Вы угадали, я говорю о биче подлинной журналистики: о разнузданном и незрелом мире фантазеров, о мире художественной литературы. Хуже того, я заболел жанровой литературой: детективом, мистикой, триллером; влюбился в совсем уж поганую падчерицу беллетристики – литературу ужасов.
К тому времени мне удалось продать с полдюжины рассказов мелким издательствам в разных концах страны, журнальчикам с говорящими названиями типа «Свидетельства невероятного», а еще «Научфант», «Солнце пустыни» и «Песнь звезд». Обычно такие журнальчики находишь в почтовом ящике с криво пришлепнутой обложкой и любительскими черно-белыми картинками на ней; там платят цент за слово, да и то если повезет.
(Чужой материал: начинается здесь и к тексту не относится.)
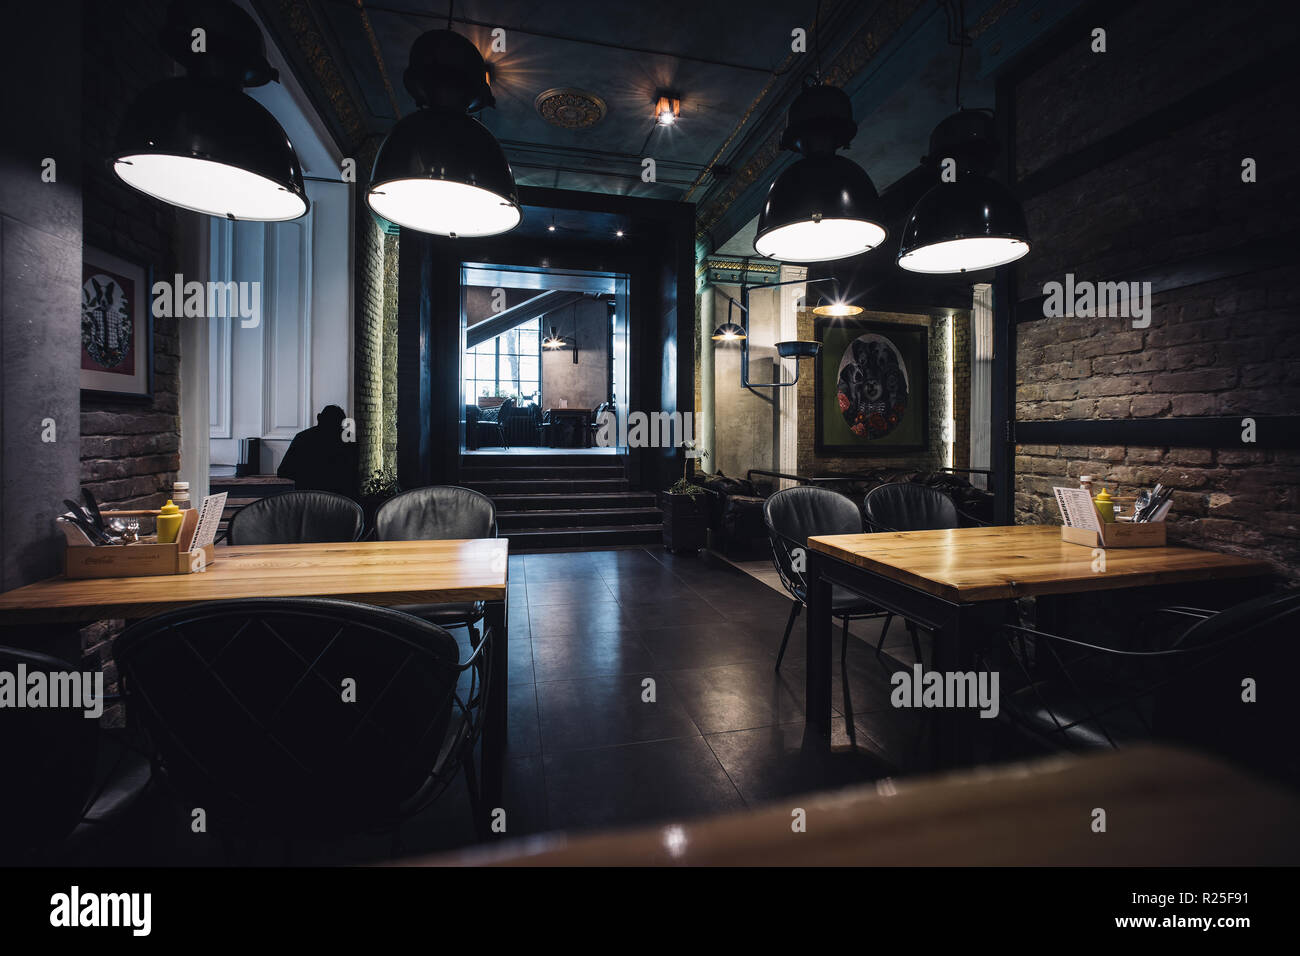 Loft moderno ristorante interno con accenti classici e atmosfera romanric Foto Stock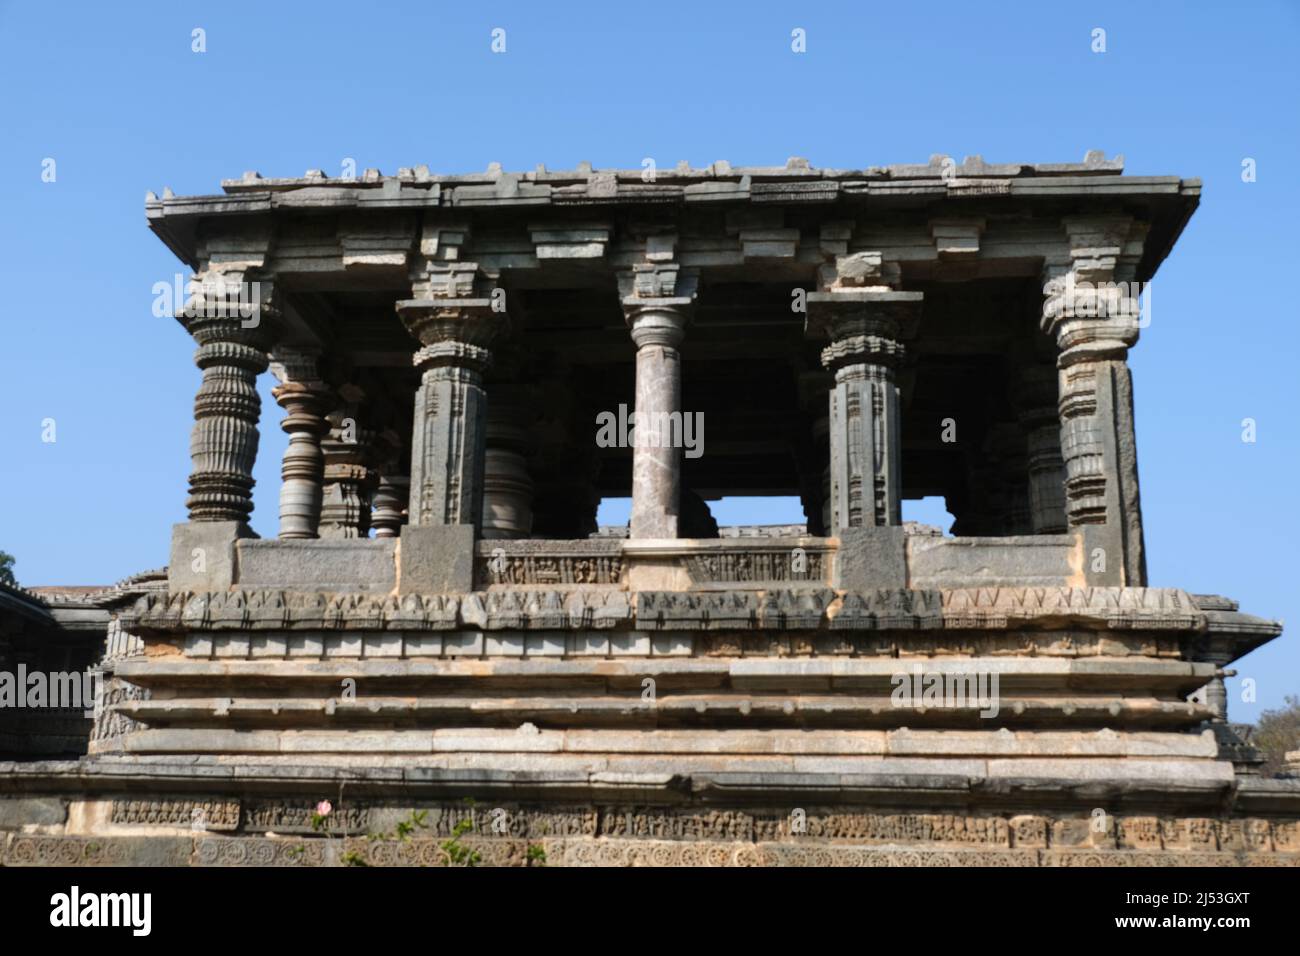 Ancien temple Hoysaleswara Hindou complexe à Halebidu, développé sous la domination de l'empire Hoysala entre les 11th et 14th siècles. Banque D'Images

Обычно не платят ничего.
Дальнейшим свидетельством моего юношеского невежества и шапкозакидательства стал следующий шаг на пути к новой любви: незадолго до описываемых событий я объявил об открытии своего собственного журнала ужасов и триллера, амбициозного ежеквартальника под весьма спорным названием «Кладбищенский танец» (названия, позаимствованного у собственного рассказа; за рассказ меня похвалили с десяток издателей, причем похвалы касались запоминающегося названия, а вот качество самого рассказа удостоилось, если быть точным, абсолютного нуля комплиментов). Первое издание «Кладбищенского танца» должно было увидеть свет через несколько месяцев, в декабре восемьдесят восьмого. Я, как всегда, тонул в работе: меня ждала бесконечная череда долгих дней и ночей за рабочим столом.
Но сперва нужно было провернуть самую трудную часть дела – как-то объяснить моим старомодным, всю жизнь прожившим по правилам родителям, что я даже не собираюсь подавать резюме и искать работу. Вместо этого я замыслил иной стратегический план: во-первых, пустить корни в спальне на втором этаже, где прошло все мое детство; затем на семь месяцев присоседиться к родительскому обеденному столу, готовясь к предстоящей свадьбе (и последующему переезду в Балтимор, чтобы Кара, моя невеста, успешно закончила учебу в университете Джонса Хопкинса, а потом занялась физиотерапией – только так можно было обеспечить со временем постоянный доход хоть у кого-то в нашей будущей семье), и работать над своим журнальчиком, пописывая рассказы о злодеях и чудовищах да слоняясь по дому в трениках и пижаме.
Зашибись план, да?
К счастью, родители и здесь проявили свой ангельский характер. По причинам, недоступным разумному человеку, они решили поддержать сыновнее начинание и выразили непоколебимую веру в мое будущее.
Ну вот, теперь вы знаете, как в начале июня восемьдесят восьмого я очутился за письменным столом перед окном с видом на соседский дом, в комнате, где я вырос. Каждый раз, отрывая глаза от экрана компьютера и глядя в окно, я видел лужайку, а воображение гоняло по ней хохочущих и улюлюкающих призраков друзей детства; их голые плечи растворялись в мерцающих тенях высоченной плакучей ивы, загребущие лапы ветвей которой без счета ловили наши плетеные мячики и без счета же дарили прохладную тень, а в тени мы объедались пиццей и менялись бейсбольными карточками. Под этой ивой я урвал свой первый поцелуй в одиннадцать лет. Ее звали Ронда, и я помню ту девчонку до сих пор.